需要解析如下形式的字符串:
- atomname * and atomindex 1,2,3
- atomname xxx,yyy or atomtype rrr,sss
- thiol
- not atomindex 1,2,3
- not (atomindex 4,5,6) or atomname *
这些字符串用于选择原子,因此需要将匹配项链接到特定函数调用以执行原子选择。所有的选择关键字(atomname、atomindex、thiol ...)都存储在一个列表中。
2. 解决方案
使用 pyparsing 解析字符串的步骤如下:
- 定义选择关键字列表 selkwds。
- 定义函数名称 func_name,它是选择关键字的第一个匹配项。
- 定义布尔运算符 NOT、AND 和 OR。
- 定义关键字 keyword,它是函数名称、NOT、AND 或 OR 之一。
- 定义函数调用 func_call,它是关键字和参数列表组成的组。
- 定义整数 integer,它是一个数字组成的单词。
- 定义字母单词 alphaword,它是一个字母或字母数字组成的单词。
- 定义函数参数 func_arg,它是没有关键字的整数、函数调用或字母单词。
- 定义函数调用表达式 func_call_expr,它是由布尔运算符优先级解析的函数调用。
以下是完整的代码示例:
from pyparsing import *
selkwds = "atomname atomindex atomtype thiol".split()
func_name = MatchFirst(map(CaselessKeyword, selkwds))
NOT,AND,OR = map(CaselessKeyword,"NOT AND OR".split())
keyword = func_name | NOT | AND | OR
func_call = Forward()
integer = Word(nums).setParseAction(lambda t: int(t[0]))

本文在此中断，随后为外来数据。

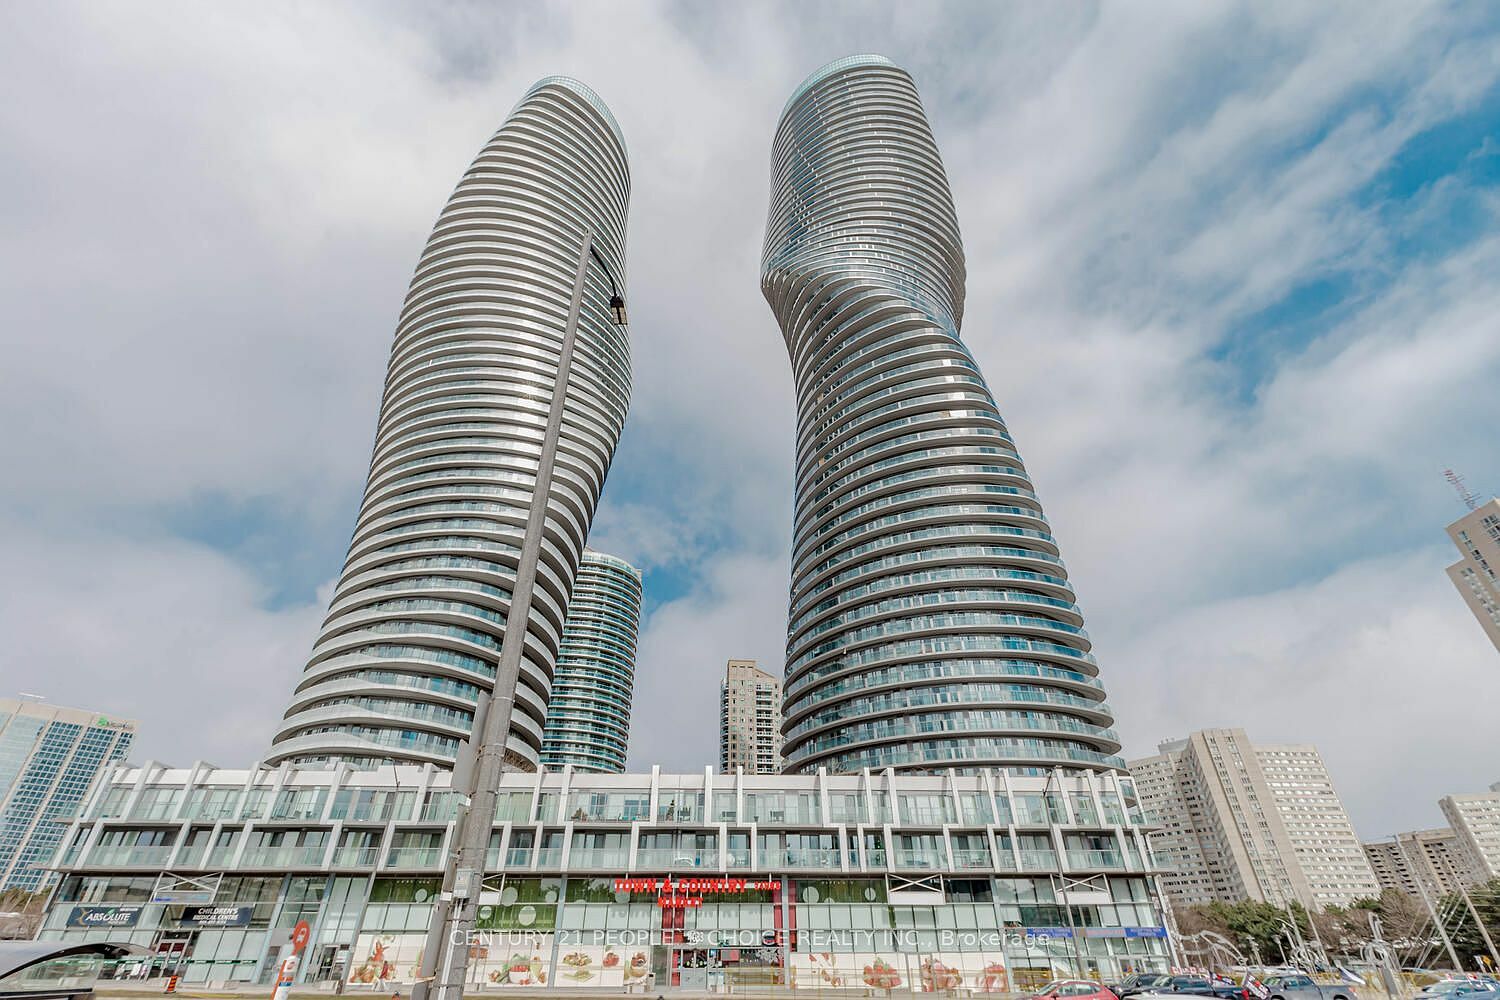 60 Absolute Ave PENTHOUSE 5502, Mississauga, ON L4Z 0A9 | Zillow

alphaword = Word(alphas,alphanums)
# you have to be specific about what kind of things can be an arg,
# otherwise, an argless function call might process the next
# keyword or boolean operator as an argument;
# this kind of lookahead is commonly overlooked by those who
# assume that the parser will try to do some kind of right-to-left
# backtracking in order to implicitly find a token that could be
# mistaken for the current repetition type; pyparsing is purely
# left-to-right, and only does lookahead if you explicitly tell it to
# I assume that a func_call could be a function argument, otherwise
# there is no point in defining it as a Forward
func_arg = ~keyword + (integer | func_call | alphaword)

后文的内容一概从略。